Нам пора было идти — немцу к себе, а мне к Ивану: тому хватало окаянства и без этого ожидания. Но немец не уходил. Он сидел и молчал, изредка взглядывая на меня, а я на него. К нему ладно подходило все, чем он владел, — и царапно-кошачий взмах руки, и соломенная желтизна волос, и валенки без голенищ. Я подумал, что он плохой стрелок: при нем, если броситься вправо, можно остаться живым…
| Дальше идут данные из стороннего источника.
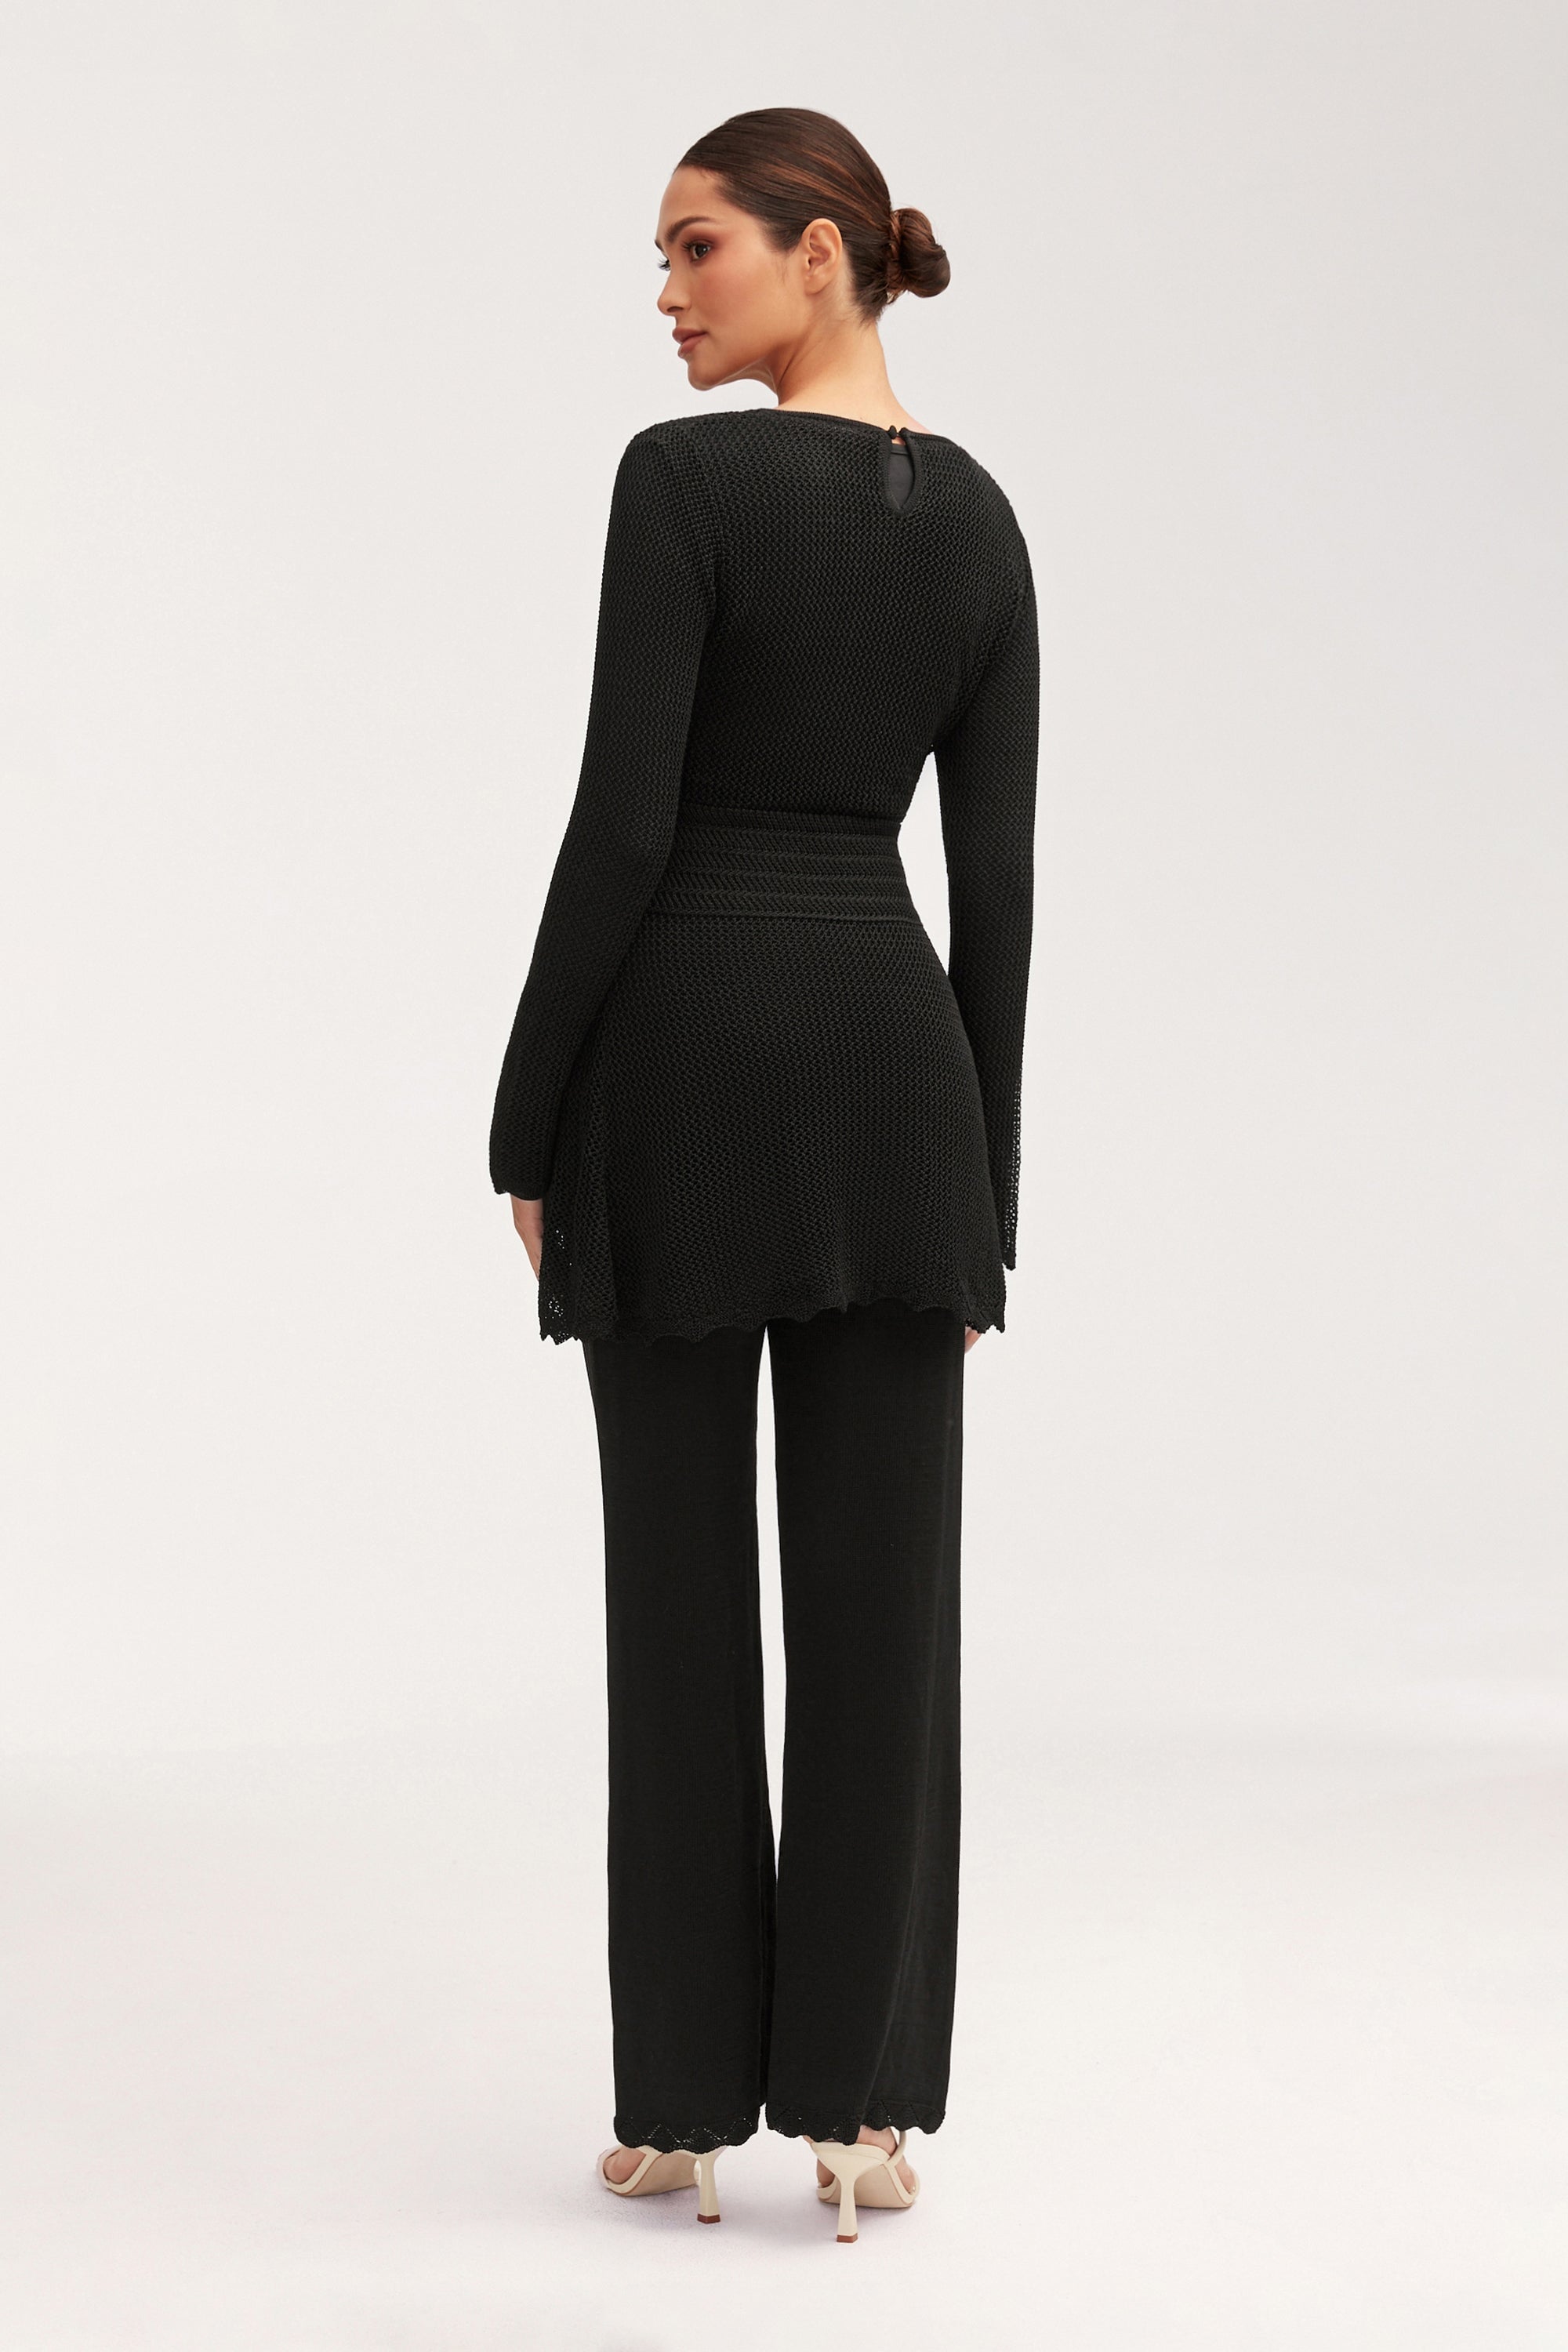 Kendall Crochet Top - Black Clothing Veiled

Он ушел после того, как мы выяснили, сколько нам лет, — немец был старше меня на целое детство. Мне было трудно пробираться на свое место, потому что люди привстали на нарах и смотрели на меня отчужденно и почти мстительно. Я не чувствовал никакой вины перед ними, но они и не обвиняли, они только смотрели, а с двадцатью двумя парами глаз больших, исступленных и гневных, как у святителей на церковных картинах, не потолкуешь!
— Чего он опять, а? — спросил у меня Воронов.
— Не знаю. Хлеб вот дал, — сказал я. Мы разговаривали шепотом, и бутерброд Иван доел неслышно, уткнувшись лбом в нары, будто молился. С этой минуты я стал ждать конца дня и исхода ночи: очередной бутерброд нужно делить не на две, а на четыре части, следующий снова на четыре, потом опять и опять…
Вилли Броде пришел в свое время. Он позвал меня от дверей и проворчал: «Моен». Мы сели на нары, и он дал мне бутерброд — не больше и не меньше прежнего. Я перевернул хлеб намазан-ной стороной вниз, отломил от него четвертую часть и съел ленивей вчерашнего. Лицо у Вилли было хмурое и мятое, он морщился и непрестанно поднимал и опускал ноги.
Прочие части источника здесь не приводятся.